> TASK BRIEF: An exact restatement of the data below, with the pictures removed, is the required answer.

> DATA BLOCK:
BEGIN
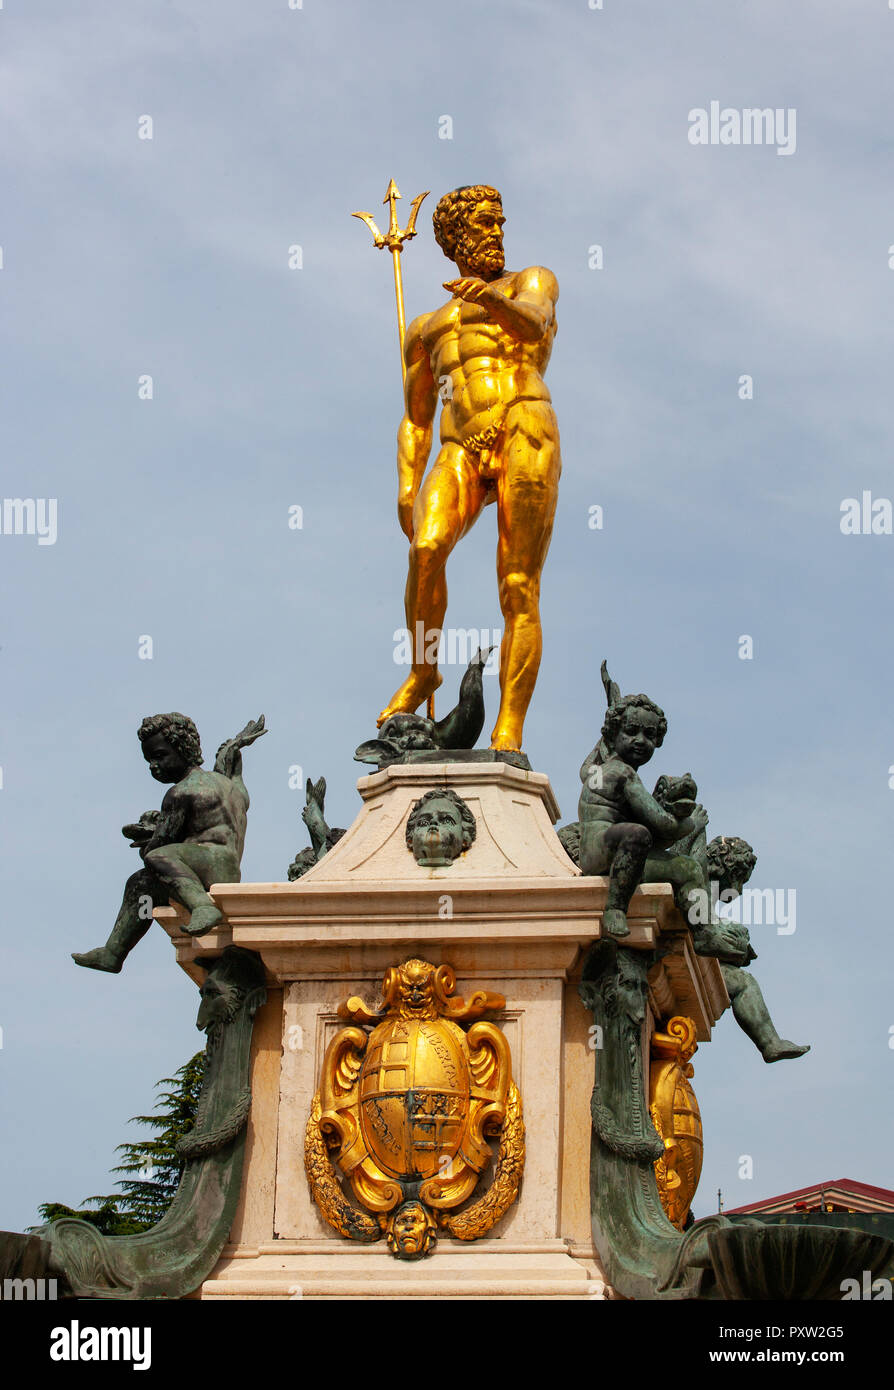 Georgia, Adjara, Batumi, Golden sculpture on the Neptune fountain Stock Photo
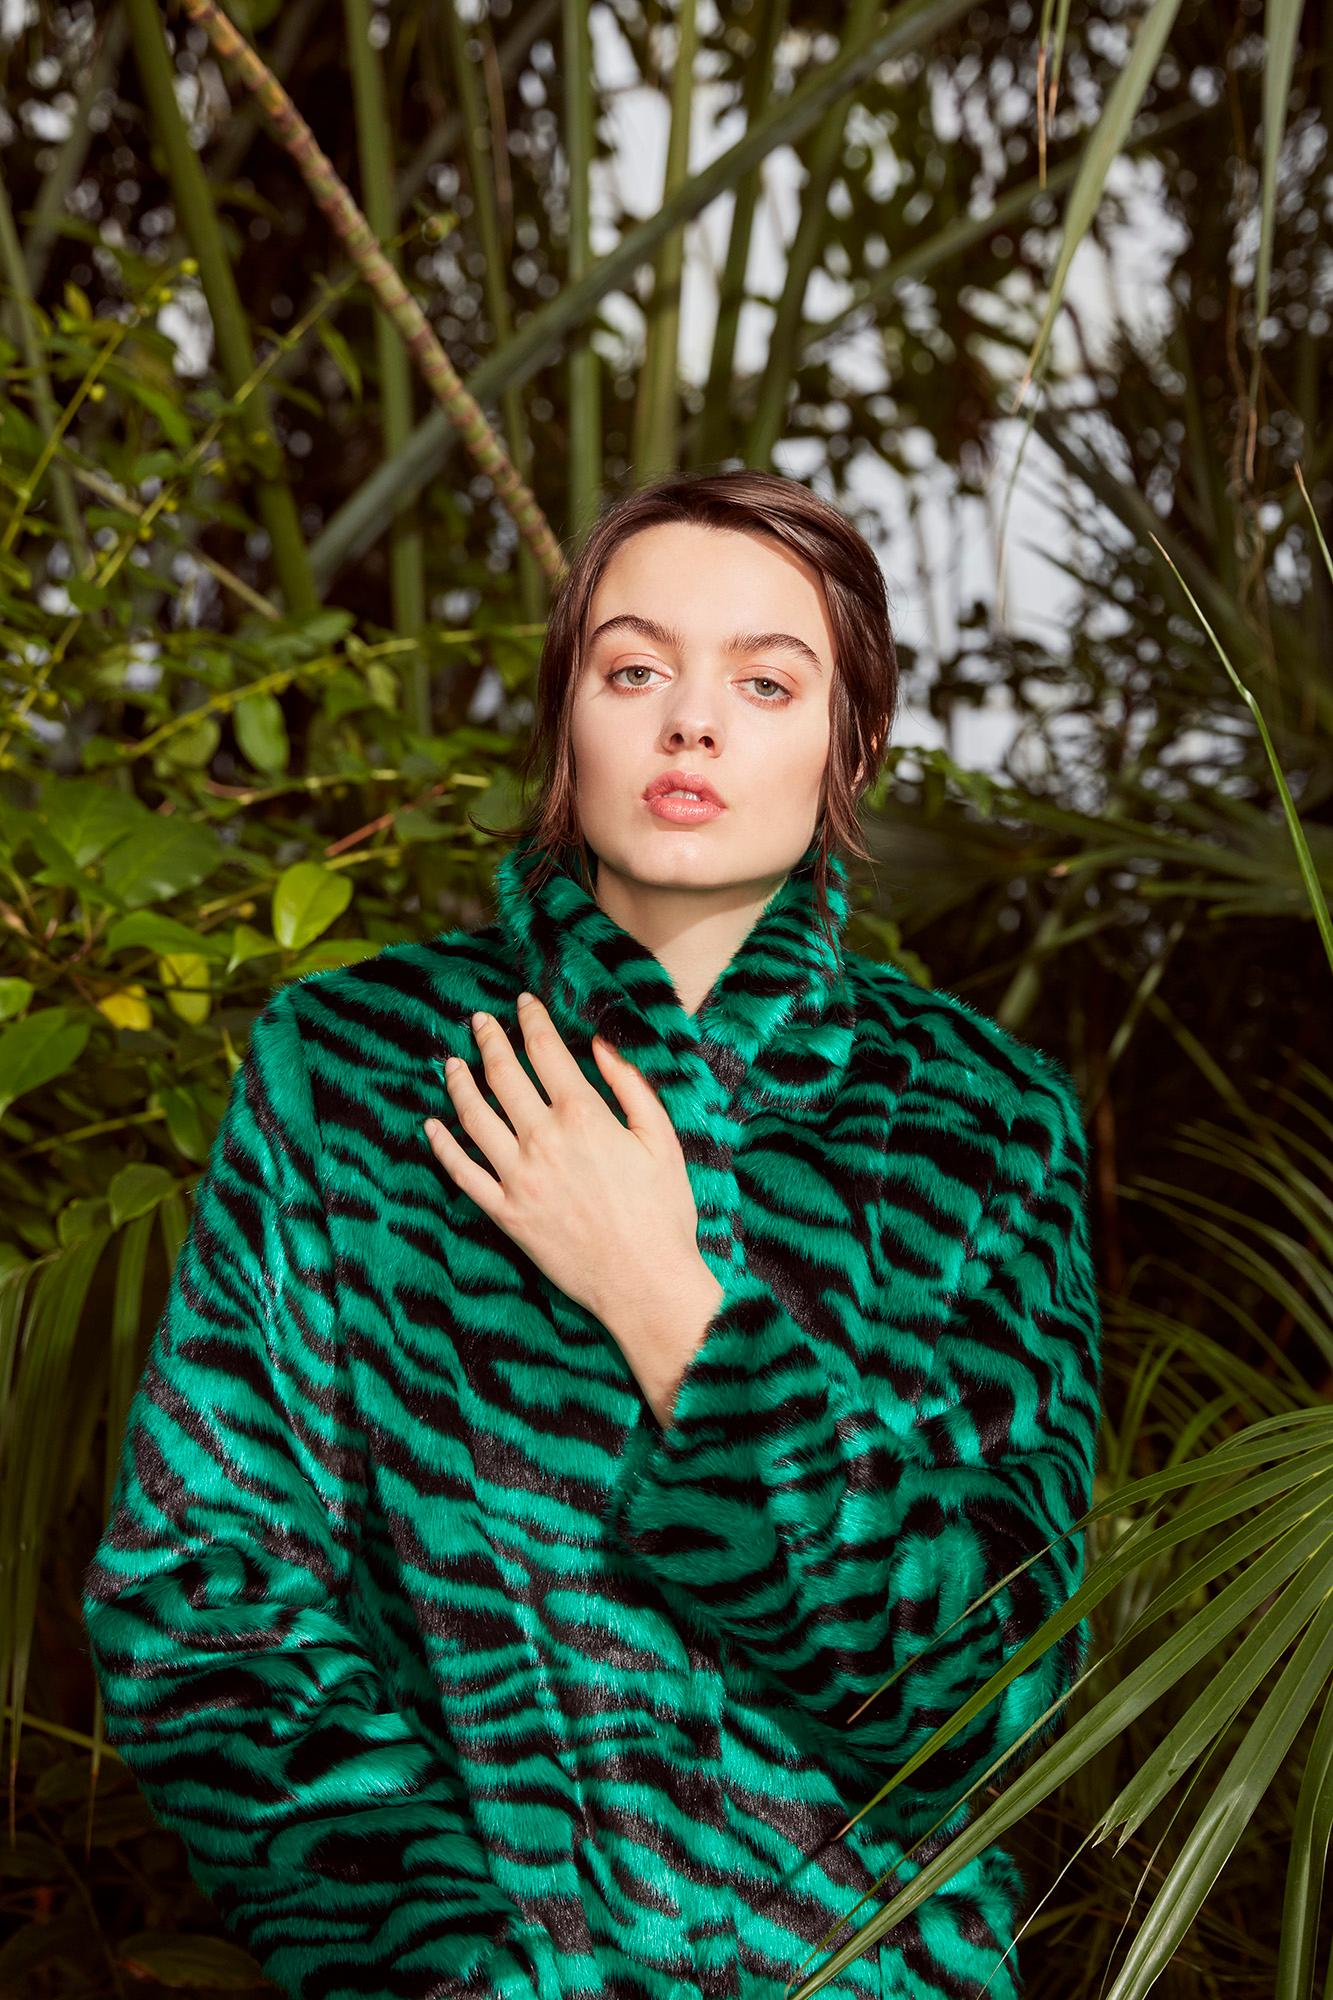 Verheyen London Esmeralda Faux Fur Coat in Emerald Green Zebra Print size uk 10 For Sale 5
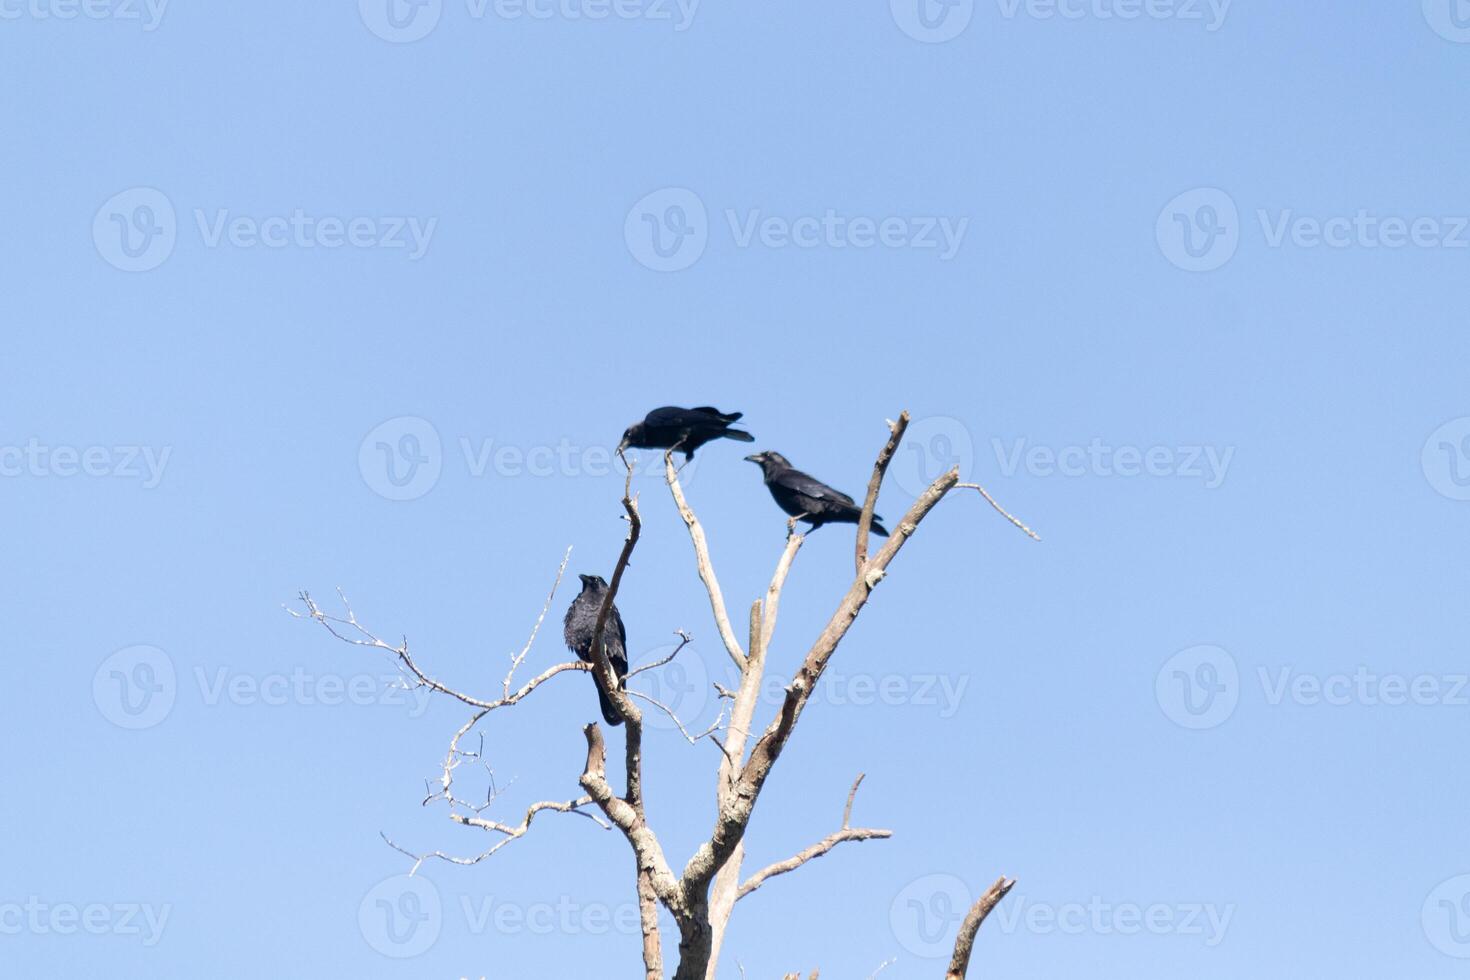 dessa skön gal sat uppflugen atop de träd grenad ser ganska bekväm. de stor svart fåglar vanligtvis stanna kvar tillsammans i deras mörda. de falla lövverk kan vara sett Allt runt om. foto
END
> WRITTEN SOLUTION:
 Georgia, Adjara, Batumi, Golden sculpture on the Neptune fountain Stock Photo
 Verheyen London Esmeralda Faux Fur Coat in Emerald Green Zebra Print size uk 10 For Sale 5
 dessa skön gal sat uppflugen atop de träd grenad ser ganska bekväm. de stor svart fåglar vanligtvis stanna kvar tillsammans i deras mörda. de falla lövverk kan vara sett Allt runt om. foto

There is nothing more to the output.